Beaming electricity down to Earth from solar panels in space has been a clean energy dream for decades. Even though the technology still has a long way to go before it can keep the lights on at home, there’s more hype than ever that space-based solar power stations could actually work.

A major milestone was announced this month when researchers at Caltech said that a prototype launched into space was able to beam a small amount of power to Earth. It was an important first for the nascent technology, and other researchers around the world are racing to make similar progress with funding from governments trying to reach their climate goals.

In space, solar panels can soak up unfiltered sunlight around the clock with no setting sun. They might be able to generate up to eight times as much electricity as land-based solar panels, according to Caltech. The hope is that we might be able to one day harness that abundant clean energy here on Earth or potentially even outposts on the Moon.

“I have a hard time not letting my imagination run wild when I start looking at this. It has a strange seductiveness like that,” Nikolai Joseph, a senior technology analyst at NASA Goddard Space Flight Center, tells The Verge.

How feasible it is to turn those dreams into reality anytime soon is the subject of a study Joseph is working on with colleagues for NASA. Caltech’s demonstration was a game-changer, he says. “If you’d asked me if that was going to happen a year ago, I would have said, ‘Oh no, probably not.’ And then they just did it, which is wild,” he says. Joseph compares the milestone to a major breakthrough in nuclear fusion that made headlines last year.

Caltech showed that it could overcome one of the trickiest engineering challenges with space-based solar power: how to safely send electricity zooming from space down to Earth. A SpaceX rocket launched a spacecraft carrying Caltech’s prototype into space in January. The prototype includes solar cells and an array of transmitters that can beam energy to different locations. The photovoltaic cells convert sunlight into electricity, which then needs to be converted into microwaves so it can be transmitted wirelessly. (Caltech has a neat video explainer.)

A few months after launch, Caltech’s prototype was able to beam some power through space and ultimately back to the university. It started small, sending microwaves to receiver arrays about a foot away from the transmitter. The receiver arrays were able to convert the microwaves back to direct current (DC) electricity and use that to light up a couple of LEDs. The prototype also beamed a “detectable” amount of power down to a receiver on the rooftop of a Caltech lab in Pasadena, California.
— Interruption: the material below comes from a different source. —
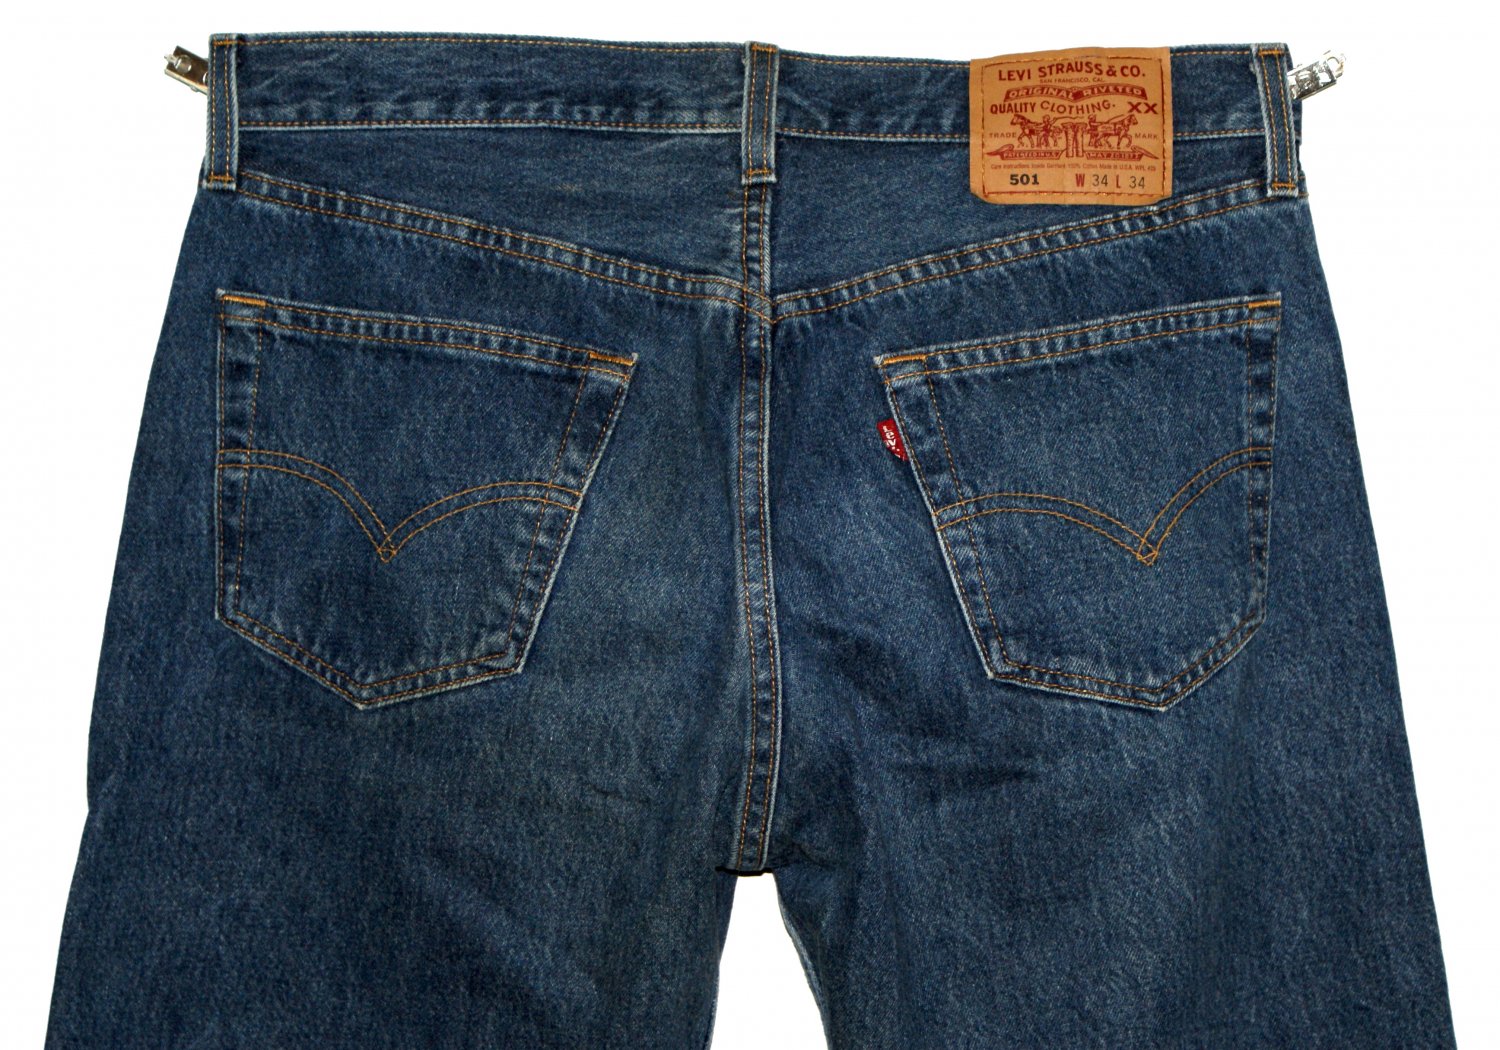 VINTAGE 1998 LEVI'S 501 CLASSIC BLUE DENIM JEANS - Made in USA in size ...

“We had, of course, tested it on Earth, but now we know that it can survive the trip to space and operate there,” Ali Hajimiri, a professor of electrical and medical engineering who led the Caltech team, said in a press announcement. “To the best of our knowledge, no one has ever demonstrated wireless energy transfer in space even with expensive rigid structures. We are doing it with flexible lightweight structures and with our own integrated circuits. This is a first.”

And it’s looking like it might not be the last. Earlier this week, the UK announced £4.3 million in government funding for several research initiatives. That includes a group at Queen Mary University of London developing its own wireless system for beaming microwave energy from place to place. And the US Naval Research Laboratory launched an experiment to the International Space Station earlier this year with the goal of beaming power across space using laser transmitters.

Even though research is ramping up now, the first patent for space-based solar power was filed in 1968 by aerospace engineer Peter Glaser. NASA and the Department of Energy took an interest in the concept in the 1970s as the world faced an energy crisis. But it was ultimately deemed too expensive to pursue the idea.

Even today, “The cost is the big issue,” says Xiaodong Chen, a professor of microwave engineering at Queen Mary University of London. “You’re building such big infrastructure in space.”

The economics are starting to change, though, with the commercial space industry driving down launch costs. The most ambitious timeline so far is for this technology to be ready to power homes and businesses on Earth by 2050, Chen says.

By 2050, in order to meet climate goals set in the Paris agreement, greenhouse gas emissions need to reach net zero. There’s no chance of hitting that goal overnight. So space-based solar shouldn’t be seen as a competitor to Earth-bound solar farms, says a 2022 report on the technology by the European Space Agency. The world needs as much renewable energy as it can get, as soon as it can get it.